Era da un po' che vedeva triste la sua bambina. Triste e insofferente al momento di andare a scuola. E lui - 43 anni, di Iglesias, papà separato, invalido al 70 per cento, ma premuroso e legatissimo alla figlia - ha iniziato a sospettare che il malessere della bambina potesse essere indipendente dall'autismo di cui è affetta.

Per quello, senza tergiversare, ha deciso di indagare e convincerla a confidarsi.

Le domande - «Stavo cucinando quando l'ho vista "strana", così ho iniziato a chiederle cosa avesse. Lei mi ha risposto con una domanda: papà, ma io sono in prima o in seconda? In seconda o in terza?».

Tanto è bastato al genitore per trasecolare e ribattere: «Lo sai benissimo che sei in quinta, perché mi dici queste cose?».

Ma è quel che la piccola ha detto dopo, ad aver provocato in lui rabbia e sconforto.

Le parole della piccola sono state un atto d'accusa nei confronti degli insegnanti, riferisce l'uomo al telefono, ripetendo ciò che ha postato sul social: «Le parole di mia figlia sono state queste: "La maestra di sostegno mi ha portato nelle altre aule per farmi sentire come leggevano gli altri e mi ha detto che io non sono neanche da scuola elementare"».

L'episodio, a Iglesias, è diventato di dominio pubblico.

Proprio perché il padre della piccola ha reso visibile a tutti il suo profilo Facebook, chiedendo aiuto per avere una divulgazione più ampia.

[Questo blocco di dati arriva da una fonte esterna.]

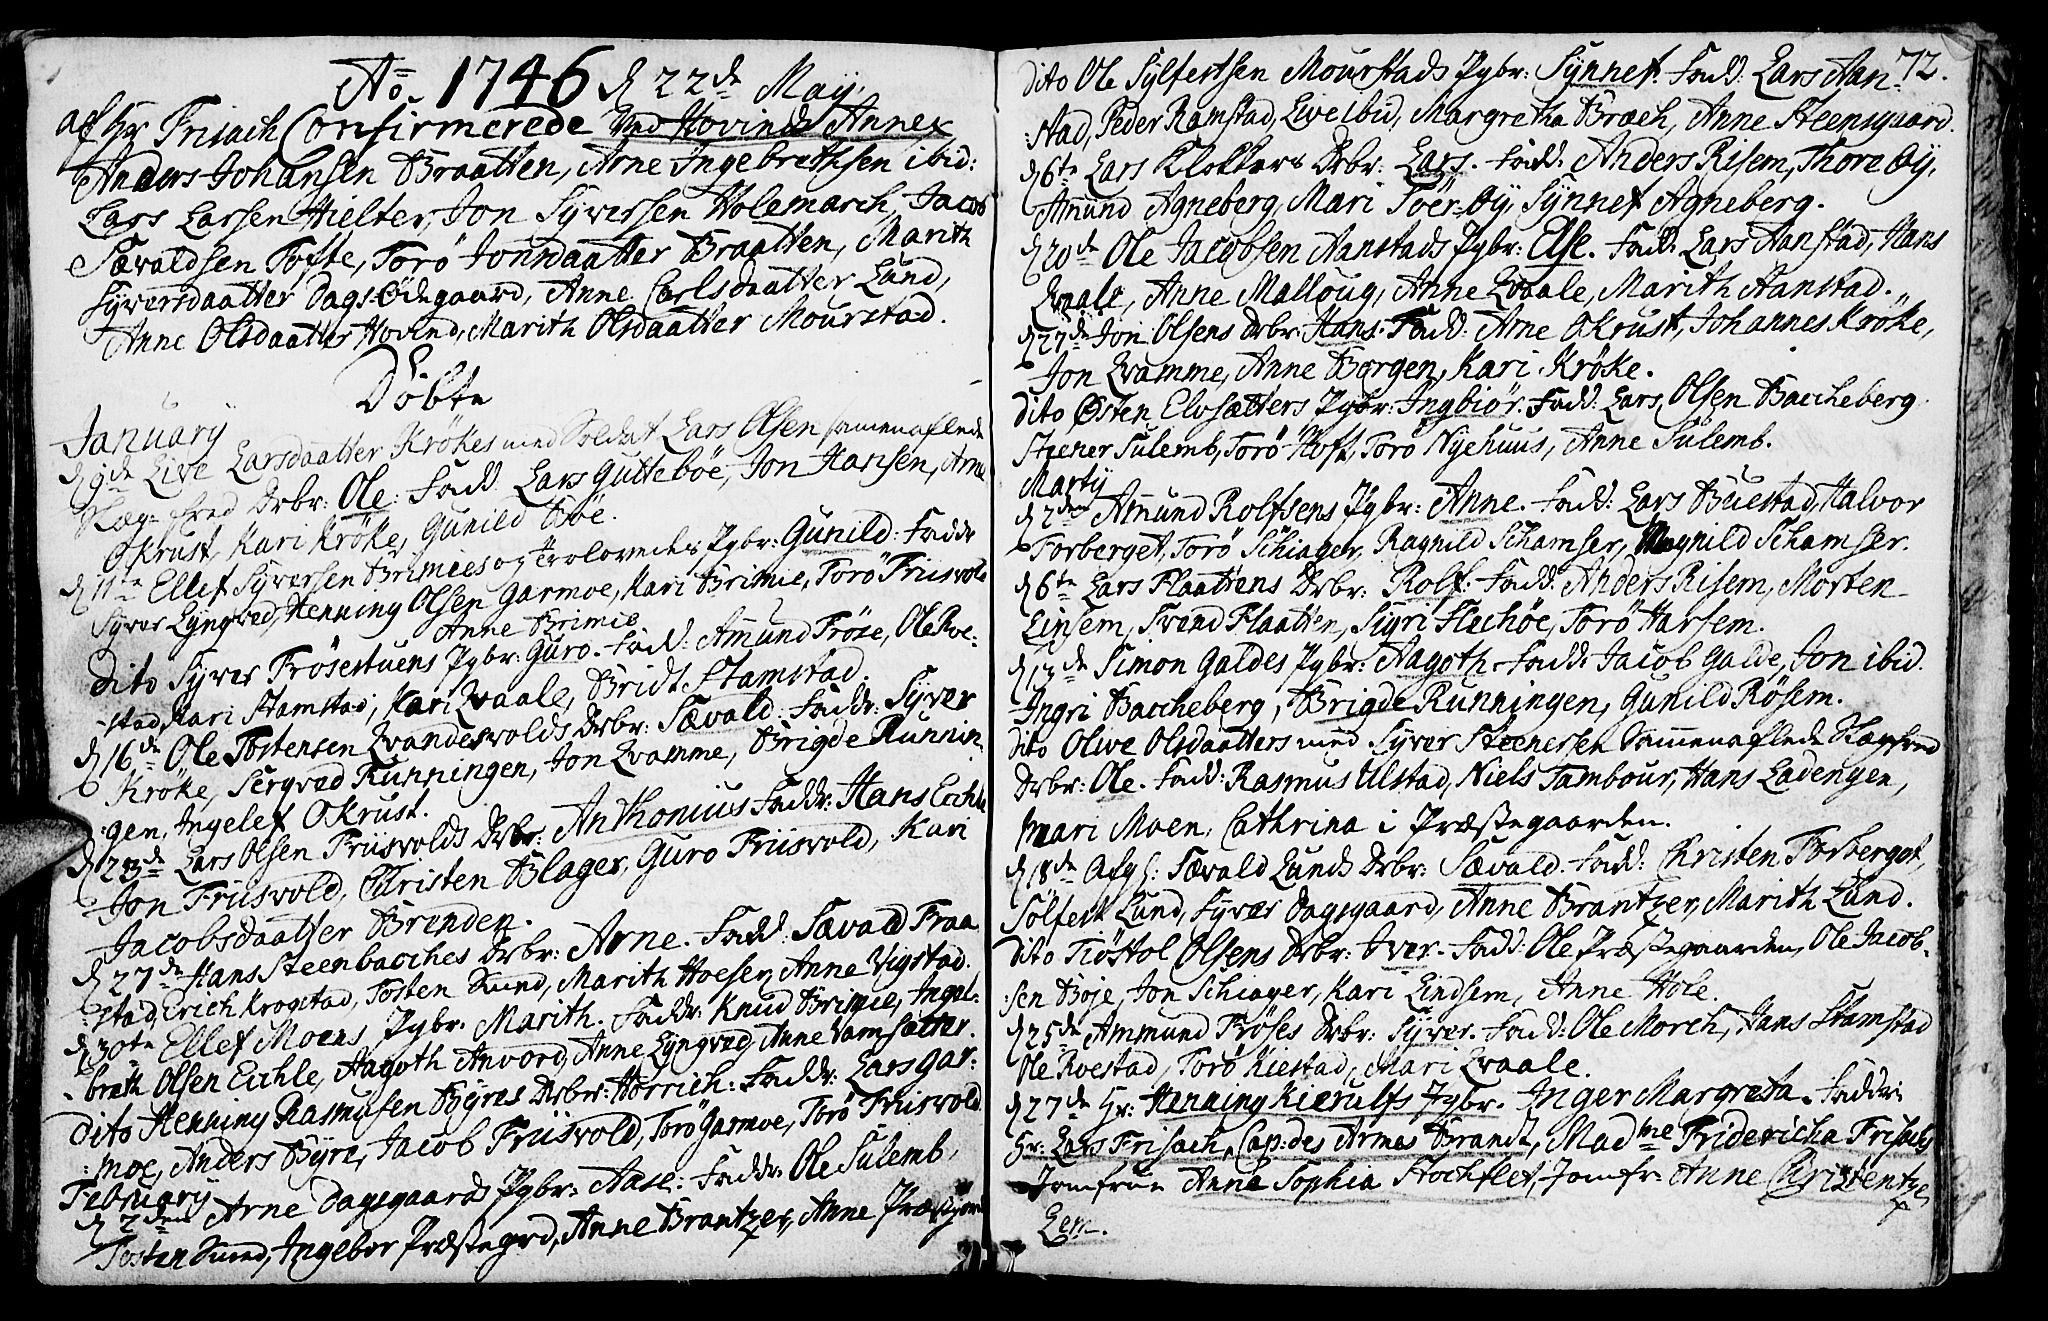 SAH, Lom prestekontor, K/L0001: Ministerialbok nr. 1, 1733-1748, s. 72

È quasi certo che la vicenda avrà conseguenze giuridiche: la scuola annuncia querele e il dirigente dell'istituto comprensivo di cui fa parte la classe della piccola già ieri mattina, insieme ad altri insegnanti, è andato in Commissariato per capire come muoversi.

È assai probabile che oggi venga presentata una querela per diffamazione. «È necessario tutelare gli insegnanti e il buon nome della scuola - conferma il dirigente - ci vengono addebitati dei fatti che non sono mai avvenuti e non si può accettare che vengano divulgate notizie infondate».

Il dolore - Il papà, tuttavia, dice di essere pronto a tutto perché il dolore più grande lo ha provato quando ha sentito il racconto della sua bambina: «Lei non dice bugie e io l'ho vista piangere perché non voleva più andare a scuola. Le ho promesso che sarei andato a parlare con le maestre e così ho fatto».

Il giorno successivo alla confidenza della bambina, è andato a prenderla a casa della mamma e, insieme, sono andati a scuola.

«Quando ho chiesto dell'insegnante di sostegno ad alcune colleghe, mi hanno risposto che non c'era. Allora ho raccontato loro cosa fosse accaduto e, come risposta, mi sono sentito dire che non era vero nulla, trattando me e la bambina da bugiardi. Non lo siamo, invece, né io né lei».

L'uomo dice di più: «Con l'équipe dei servizi sociali che ci segue a casa, la mia bambina lavora benissimo perché è trattata con grande attenzione, come si deve fare con tutti i bambini che hanno un problema come il suo. Da scuola, invece, non le danno neppure i compiti per casa». Trattandosi di una minore la polizia potrebbe decidere di vederci chiaro.